Monday, May 6, 2013
Games for Adults and Children
Leda, brilliant granddaughter, knows many things but thus far in her six+ years on earth she has learned nothing about horse racing. Given that she didn’t spawn from racing families, that she doesn’t live in Kentucky, and that she not (yet) developed a taste for bourbon, this is not surprising. But CSB, who likewise does not live in Kentucky, has always loved watching the Kentucky Derby, because his father did, and that is enough to constitute a tradition. And now with Leda inquiring assiduously into the silken attire of the jockeys, and the role of a muddy racetrack, and the amount of money involved, that tradition is launched for another generation. I had threatened CSB that Leda and I would gather round the TV screen wearing large floppy hats adorned with wildflowers. But we failed in that key element of the tradition, due to barely turning on the television by post time. (6:30 is early to be coming inside to watch TV, when it is still light outside and there are still seeds to be sown and weeds to be pulled and chickens to be fed.) But we did manage to gather. The horses paraded with their jockeys. Or the jockeys paraded with their horses. There was exactly one female jockey and exactly one African-American jockey. The gun went off. The horses shot out of the gate and stuck together, all except for Orb, in 16th place. We anticipated Normandy Invasion (why not Fallujah Offensive?) would win the war. Then Orb leapt ahead, and in 2:02.89 minutes, the race was over. Leda wanted to know what a horse would do with $2 million.
I know that Angry Birds is entertaining and satisfying in certain atavistic ways, but still, there is nothing like Hangman for enlarging one’s vocabulary while getting re-acquainted with the alphabet. So, as Leda and I took Metro-North into Grand Central yesterday – where we would rendezvous with her Dad for the handover – I taught her to play Hangman. She was a natural.

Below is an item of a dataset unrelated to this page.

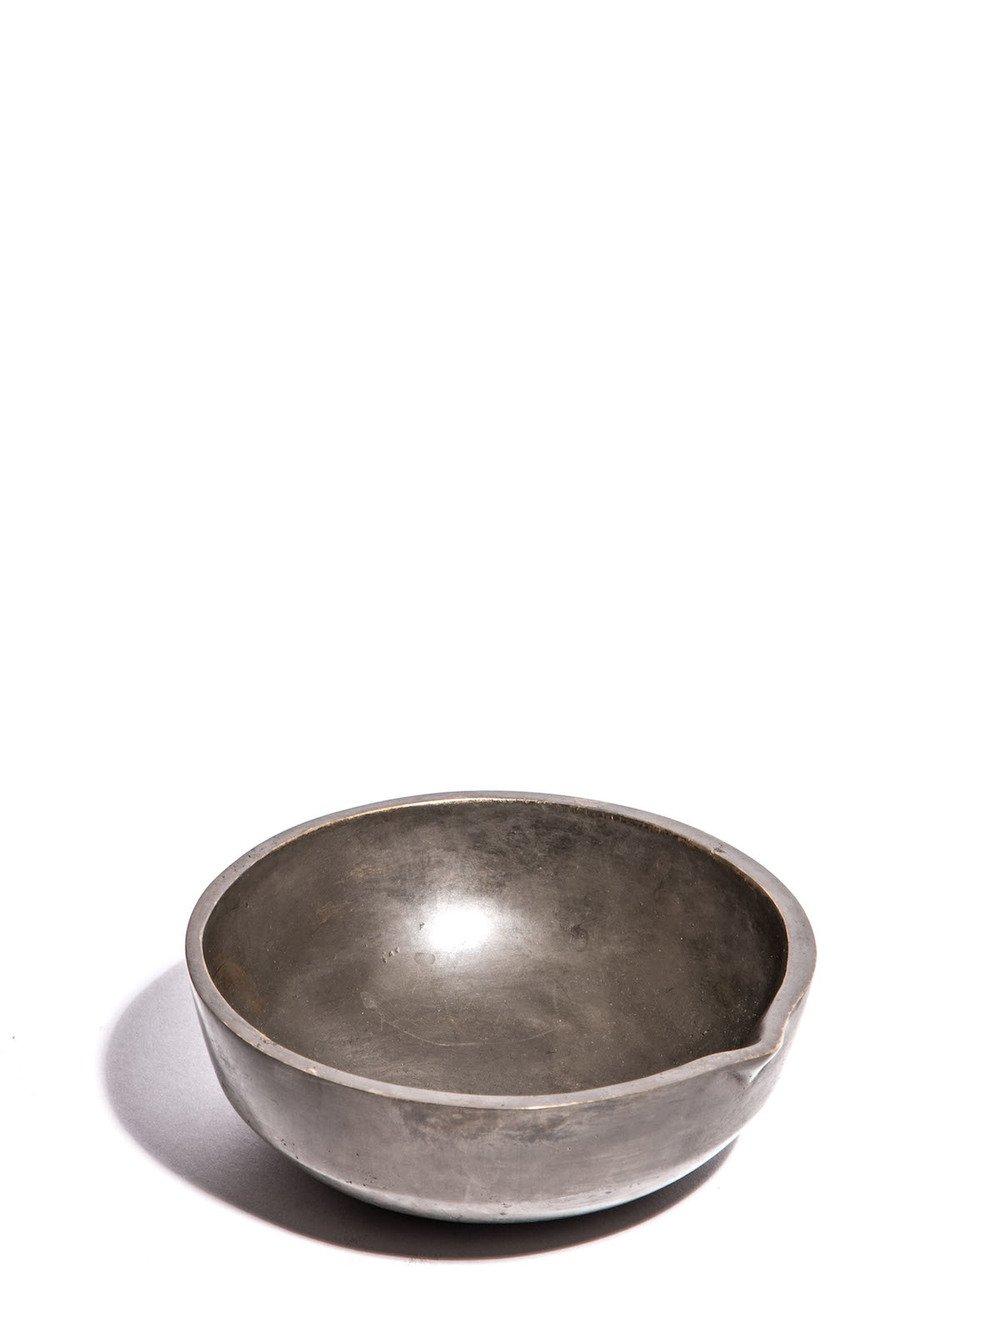 Original bowl 1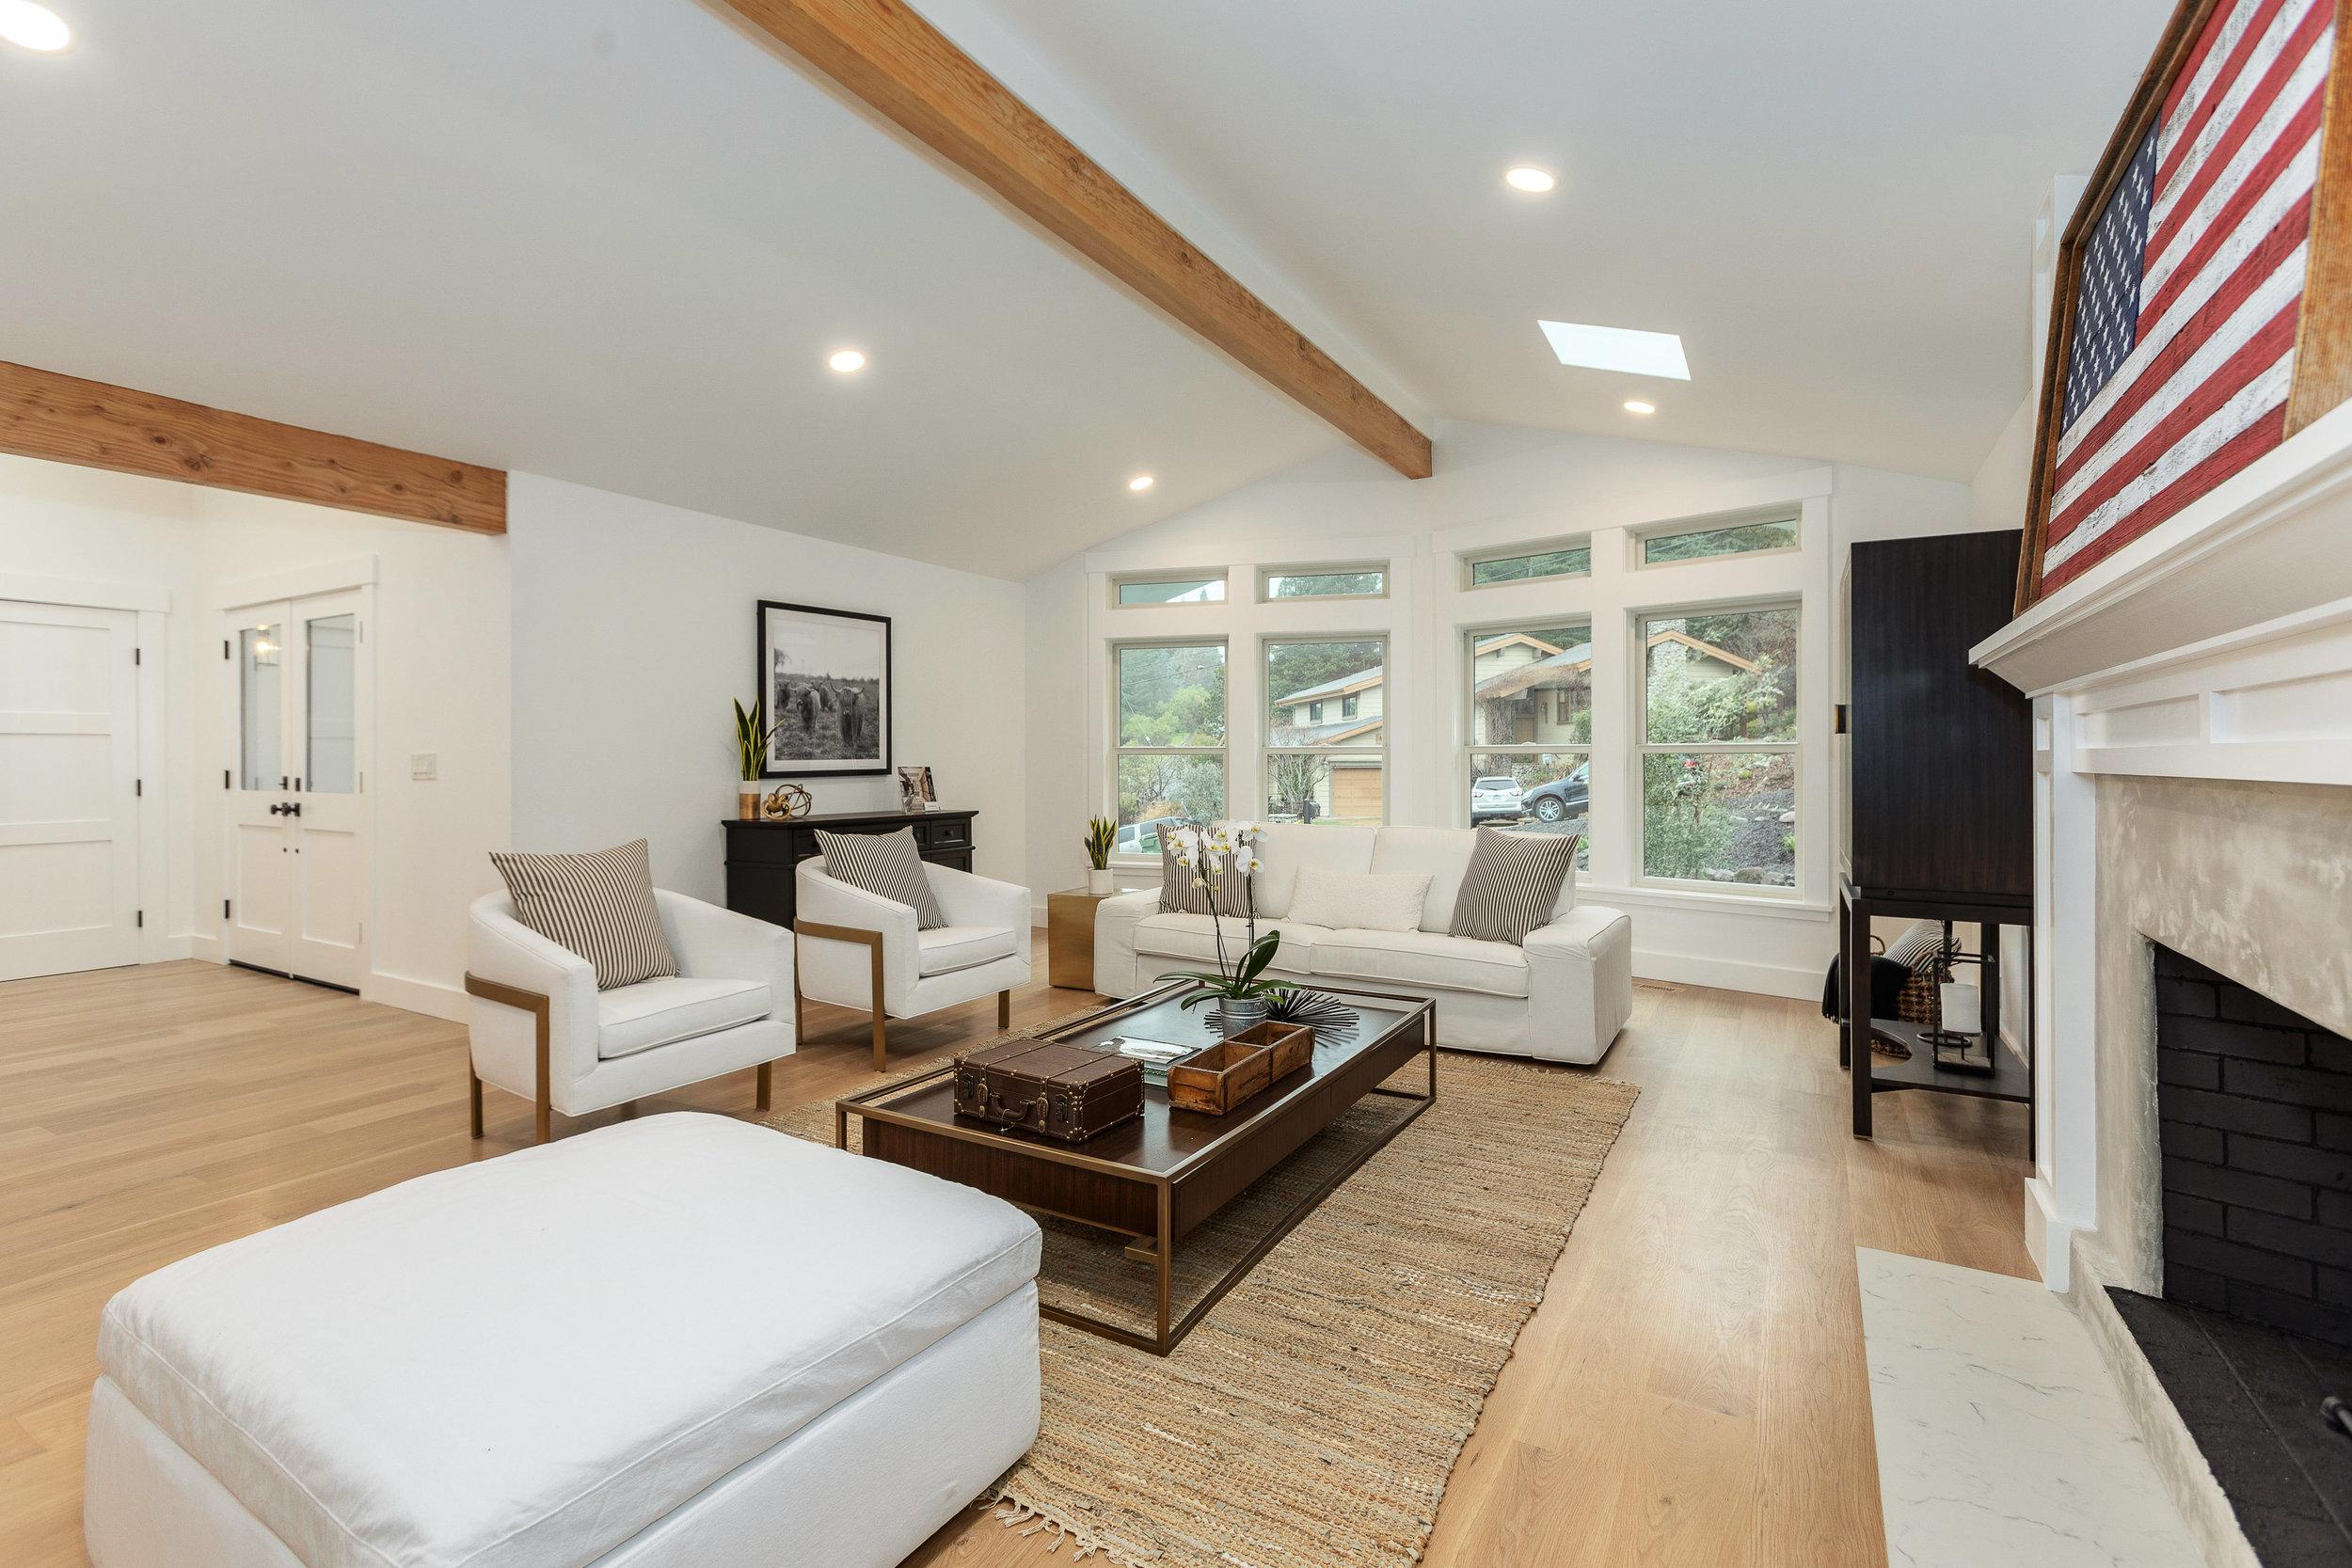 004_105-Living Room.jpg

For her first turn as the Hanged, she guessed letters in alphabetical order, which is not a good idea.(And it would never happen again.) She would have lost but we negotiated several extra body parts & accessories for the hanging body: barrettes, striped socks, ears, knee caps. She took a turn and stumped me with POOP. I should have guessed – known, remembered - where a six-year-old’s mind would turn, but I regret to say I was genuinely stumped. I too would have lost the game & given up the ghost, had she not given my hanging body a crown, and then a sword, and then a handbag. Then she insisted that since I very nearly lost, she would take a second turn making up the word. Nearly losing would trump taking alternate turns, she explained. I methodically guessed the vowels first. By U I was already mostly dead. Then I guessed consonants while wracking my mind for words I knew she could spell. That was foolish. Because she can spell more words than I can name, and because once again I failed at the obvious. The word was BUTT. By then we were pulling into the station, which was a good thing.
Later that day, the downstairs bathtub was returned to us, to the human bathers of the house. Because yes, CSB finished constructing their outdoor home: a separate fenced-in play area and a large wooden box that looks unnervingly like a cheap coffin. We carried them outside one by one, their wings a-flutter, their hearts a-beating. This morning they are still out there, in a scrum at the open door of their casket, deciding whether to make the giant leap onto grass.